Thursday, January 7, 2016

...for the candidate of your choice

Interesting item, front page of the Baltimore SUN the other day...an article about a group of people in Baltimore calling themselves Black Girls Vote. Their goal is to get more people registered to vote, and not just African-American females.  They want everyone who is eligible to get on the rolls and be ready to vote this fall and forevermore.  Here is a link to their page.

This is thoroughly commendable.  A worthwhile endeavor, to be sure, but I have to wonder why it's even necessary.

Will someone please give me a reason for not voting?  For heaven's sake, if you look at social media, everyone seems to have an opinion to offer.  Why not show the strength of your convictions and vote for the person who best represents your beliefs?

Go to other countries - go back just over 50 years in THIS country - to where people are not allowed to register to vote. When you think back to the people who had to participate in voter registration rallies to clear the way for the removal of barriers such as ridiculous "poll taxes" and "citizenship literacy tests" like this one from Mississippi in the 1950s that were designed to keep people from voting, you have to wonder why people don't exercise their right to vote.  Here's another one of those tests, an insanely written exam from Louisiana, the sole purpose of which was to keep from the polls "people who cannot prove a fifth-grade education." In a state that actively sought to keep people from getting into school at all unless they were majority types.

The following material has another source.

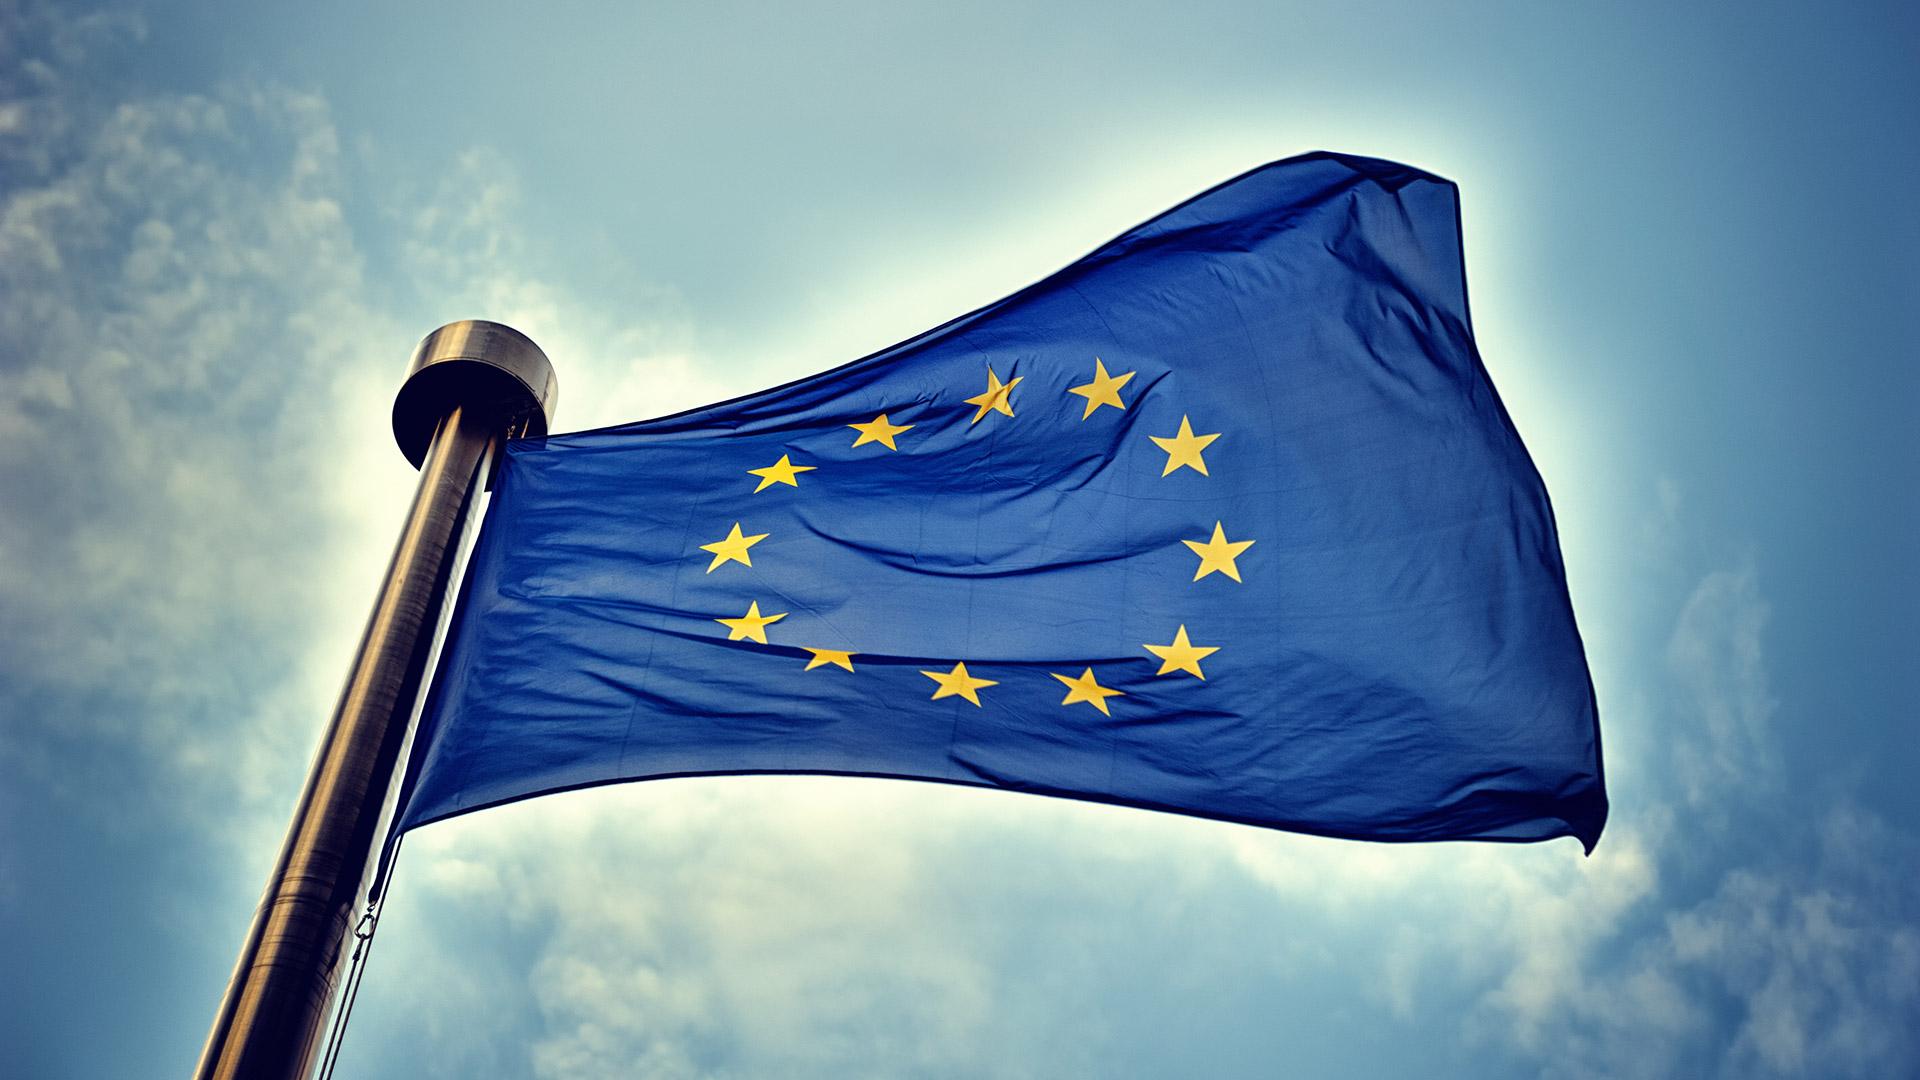 Photo to illustrate article https://www.lkshields.ie/images/uploads/news/eu-flag.jpg.

But those days are over. And even the excuse of not liking "any of those bums" doesn't stop anyone from going to the polls and voting for someone whose name they write in.

In 2014, the Census Bureau asked some people who were otherwise eligible to vote, but did not, just why that was.  29% of them said they were "too busy." 16% said they just weren't interested in voting, 11% said they were sick that day, 10% found themselves out of town on Election Day.  8% said they forgot to vote, and the same percentage said they didn't like the candidates available.  Registration problems, transportation problems, and the inconvenience of the polling place each racked up a sad 2%.

Of course, it's up to each citizen to vote.  Wars have been fought against people trying to take away our right to do so, and people have suffered mightily for fighting for it, and so if I find myself in a political discussion with someone who says they don't vote, I just don't have anything else to say.

And that doesn't happen very often.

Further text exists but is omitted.